In attempting to quell these issues, Dr. Ōmura and Dr. Campbell began by assessing natural products in the soil. Dr. Ōmura is an expert at isolation of natural products. A natural product is considered a chemical or mixture found in nature, rather than ones produced in a laboratory. Dr. Ōmura focused on a group of bacteria (Streptomyces) found in soil that has been known to produce antibacterial chemicals. Streptomyces was notoriously very difficult to keep alive in the laboratory, but Dr. Ōmura developed methods to grow these bacteria in laboratory conditions. Thus, Dr. Ōmura discovered and characterized new strains of the bacteria from soil and grew these bacteria. Of the thousands of strains, he picked the most promising ones, and analyzed the chemicals they produce. A strain that he found outside of “a golf course in Ito, Japan” would eventually produce an effective component called Avermectin that can treat a variety of parasitic worms such as intestinal nematodes.

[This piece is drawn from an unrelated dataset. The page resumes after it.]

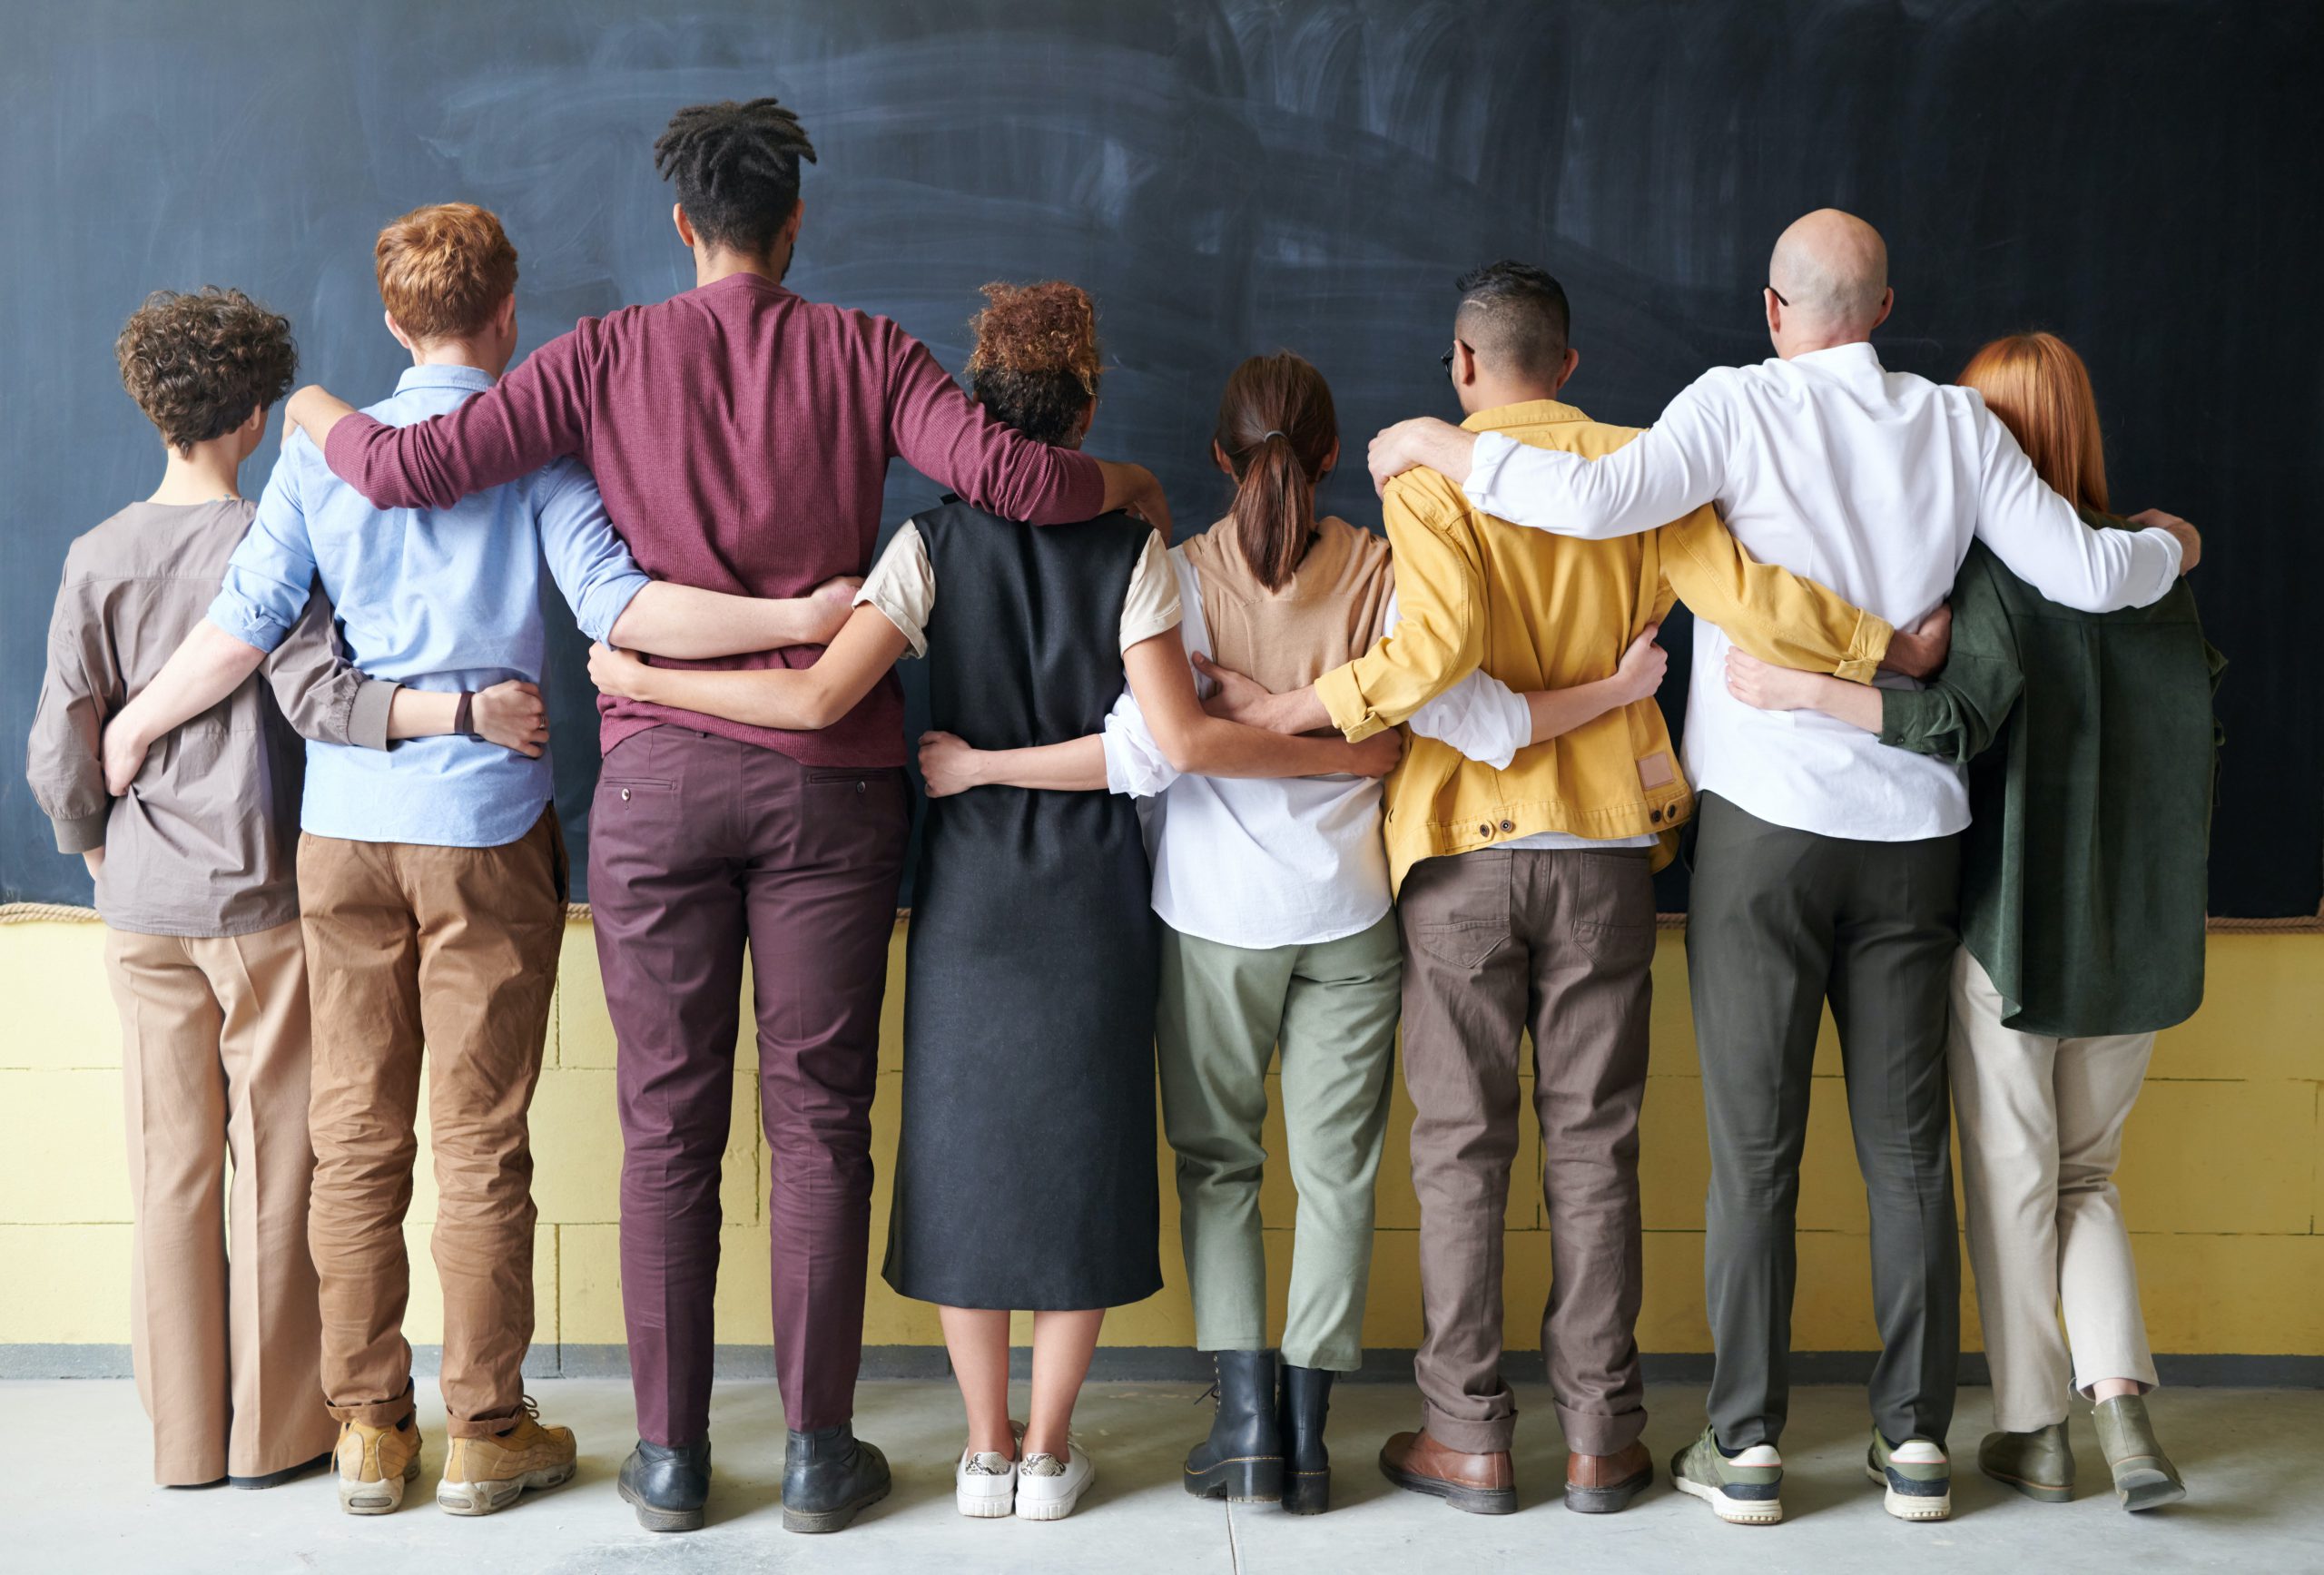 Group of teachers and students holding each other facing a chalkboard

Collaborating with Dr. Ōmura, Dr. Campbell studied the cultures that Dr. Ōmura produced. Dr. Campell began by testing broths of dead bacteria on mice with parasitic infections. Dr. Campbell worked with Thomas Miller, a fellow researcher, to study the chemistry of the effective components. Dr. Campbell demonstrated the antiparasitic effects of the agents on domestic and farm animals. Using chemical techniques, Dr. Campbell modified Avermectin to Ivermectin, which was a more effective version. With little side effects on the host, Ivermectin is effective against various parasites and in both humans and animals. Ivermectin was used in clinical trials in 1981, successfully eliminating river blindness from patients. He found that Ivermectin acts through chloride channels found in muscles and nerve cells of the parasites; its administration leads to paralysis of the parasite in the host. The drug has effectively reduced levels of diseases caused by worm parasites, such as lymphatic filariasis and river blindness.

Sweet Wormwood via West Seed Farm

Meanwhile in the 1960’s, Dr. Tu began developing a treatment for malaria, a deadly disease transmitted by mosquitos. She searched through historical documents of Chinese medicine for treatments against fever. Dr. Tu’s research group found that sweet wormwood appeared in hundreds of Chinese medicine recipes for treating fever (Figure 3). She initially found mixed results in treating rodent malaria with the extract from sweet wormwood. In response to this, Dr. Tu studied recipes of Ge Hong (340 A.D.) and discovered a cold extraction method to isolate the active ingredients from sweet wormwood. The results were very successful, as the drug Arteminsinin was discovered. Using Arteminsinin in combination with other anti-malarial drugs has been effective in significantly reducing malaria rates globally. The drug has been hypothesized to act through the Kelch 13 protein, which is related to delayed parasite clearance.

Today, there tends to be the perception that many drugs we use now are synthesized and engineered by humans. Some believe that we are past the age of “traditional” medicine. Yet, over the years, the discoveries of these three scientists have saved countless lives from devastating parasitic diseases. The stories of their research processes and scientific methods are fascinating, and demonstrate that many of the most effective drugs can come from studying nature and medicinal remedies of the past. Dr. Ōmura and Dr. Campbell created Ivermectin from extracts of bacteria. With the help of old Chinese traditional medicine, Dr. Tu found Arteminsinin from the sweet wormwood. These Nobel laureates illustrate the power of optimizing what is already abundant in nature. There may be many more cures locked away in the soil, in the plants, waiting for us to discover them. Therefore, when searching for cures, we must not let hubris blind us from the wonders of nature.